I am trying to use the brms package's brm function to fit bayesian mixed effect models. The documentation isnt very clear on what exactly is achieved by increasing the number of chains, number of iterations and warmup. It would be helpful if someone can help explain these.

brmmod <- brm(
  data = modeling_input,
  formula = brm_formula,
  prior = brm_prior,
  cores = 1, chains = 4, iter = 1000, warmup = 500
)

I have realized that increasing the number of cores to equal the number of chains gives me the least run time.

I want to understand: a) how will increasing the value of iter and warmup parameters help me. b) If I increase the number of Markov chains, how does it impact the model? c) If I spin a machine equal to the number of chains parameter, would that give me the best performance in terms of runtime? My current model with cores = 1 takes 3 days to run. I however changed the cores to 4 and didn't change any other parameters. This helped me bring down the runtime to 2 days.

I am new to this so appreciate some help. Happy to read any good material or blog post. Have tried to find more details but the documentation isnt very helpful.

It can be found here (https://cran.r-project.org/web/packages/brms/brms.pdf) and the page number to reference is Pg 27.


Solution

  • To answer your question, it's helpful to remember that we are trying to sample the posterior distribution. To that end, we need "enough" samples to make reasonable statements about the posterior. How much is enough? This is going to depend on our model (more complex models usually need more samples) and our needs.

    We gather samples through Markov chain Monte Carlo (MCMC) sampling: start a chain with some initial parameters, run in for a while to get into our region of interest (warm up), and then sample our distribution. So each chain contributes iter - warmup samples or chains x (iter - warmup) total samples.

    Now to your questions:

    a) how will increasing the value of iter and warmup parameters help me.

    Increasing iter will increase the number of samples from the posterior. Once the estimates have converged additional samples don't really help our estimates You'll have to test these for your model but the defaults (2000 and floor(iter/2)) are usually reasonable.

    b) If I increase the number of Markov chains, how does it impact the model?

    Adding more chains increases the number of useful samples we get at the expense of more computational time. We also gain a little bit of confidence that our conclusions aren't dependent on the starting conditions (since we get chains different starting conditions).

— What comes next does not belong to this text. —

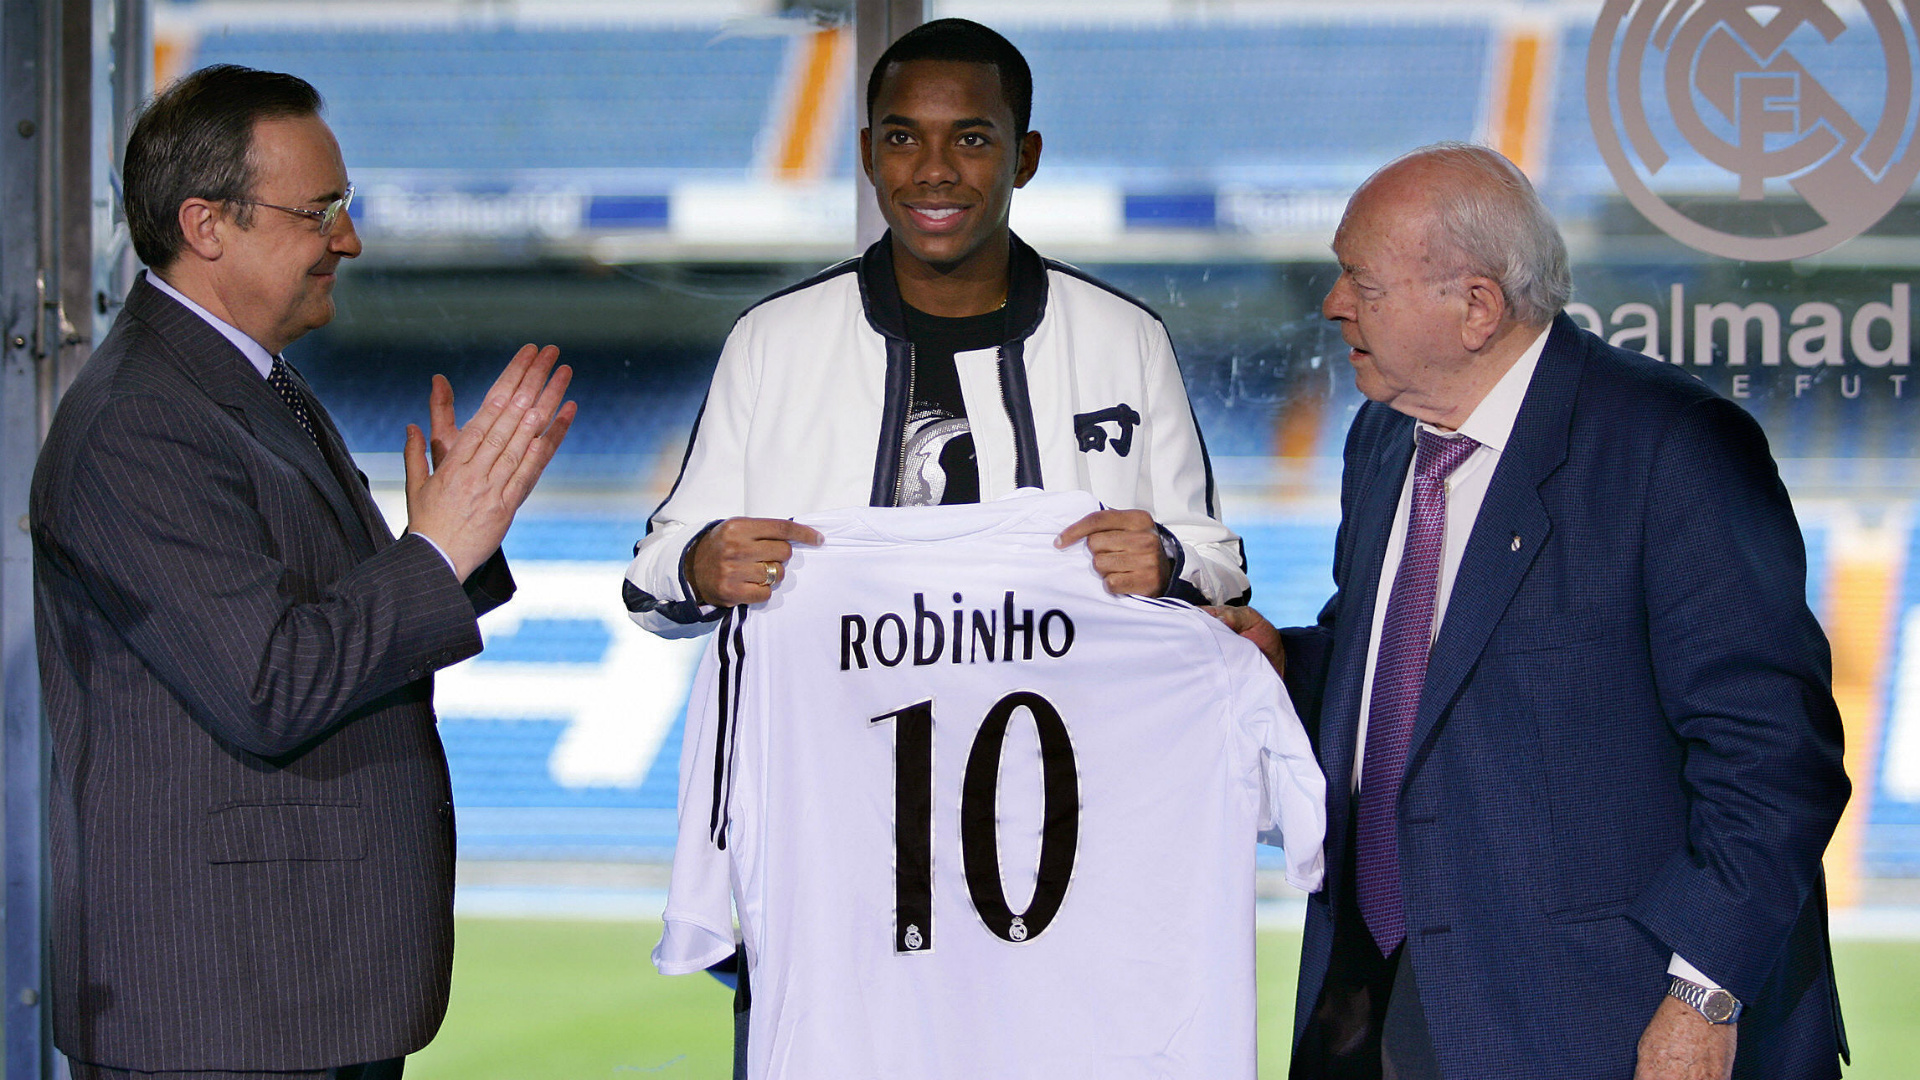 Robinho ex Real Madrid player
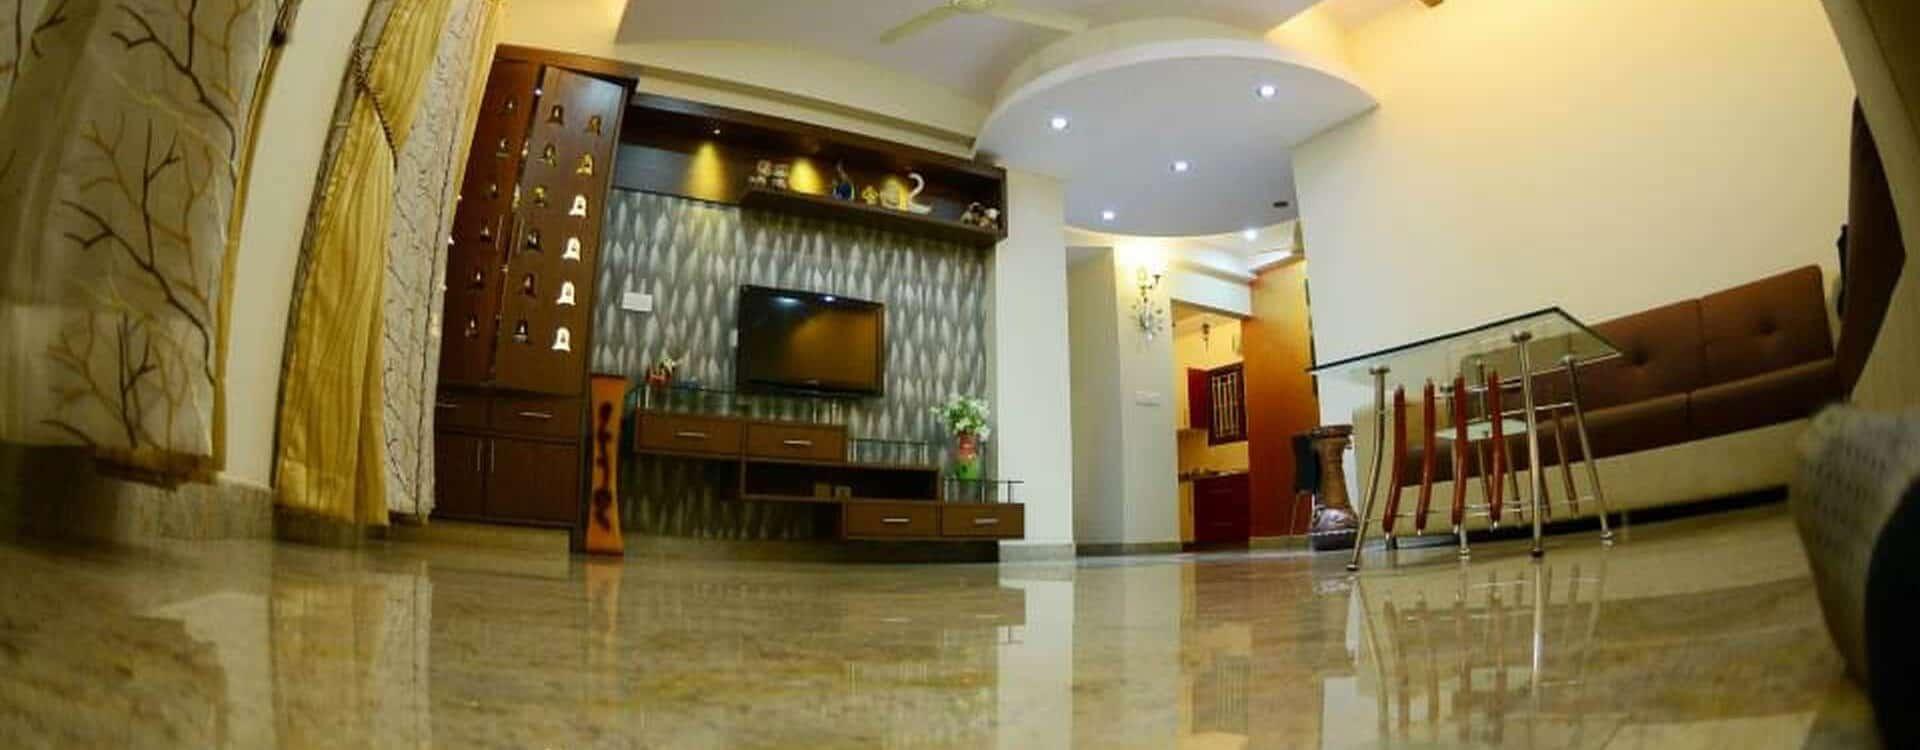 Mr. Dinesh Karkera's Residence at Jeppu Mangalore

    c) If I spin a machine equal to the number of chains parameter, would that give me the best performance in terms of runtime? My current model with cores = 1 takes 3 days to run. I however changed the cores to 4 and didn't change any other parameters. This helped me bring down the runtime to 2 days.

    Chains are embarrassingly parallel so if we set cores = chains (and we have that many cores) we can reduce our computation time accordingly. Increasing chains would let us use more cores but we would also need to decrease iter to have the same number of samples. Remember that each chain has warmup samples that are discarded so the overhead is proportional to chains (i.e. adding more chains isn't guaranteed to reduce the wall clock time). You might try choosing parameters with a subset of your data and then fitting a final model on all your data.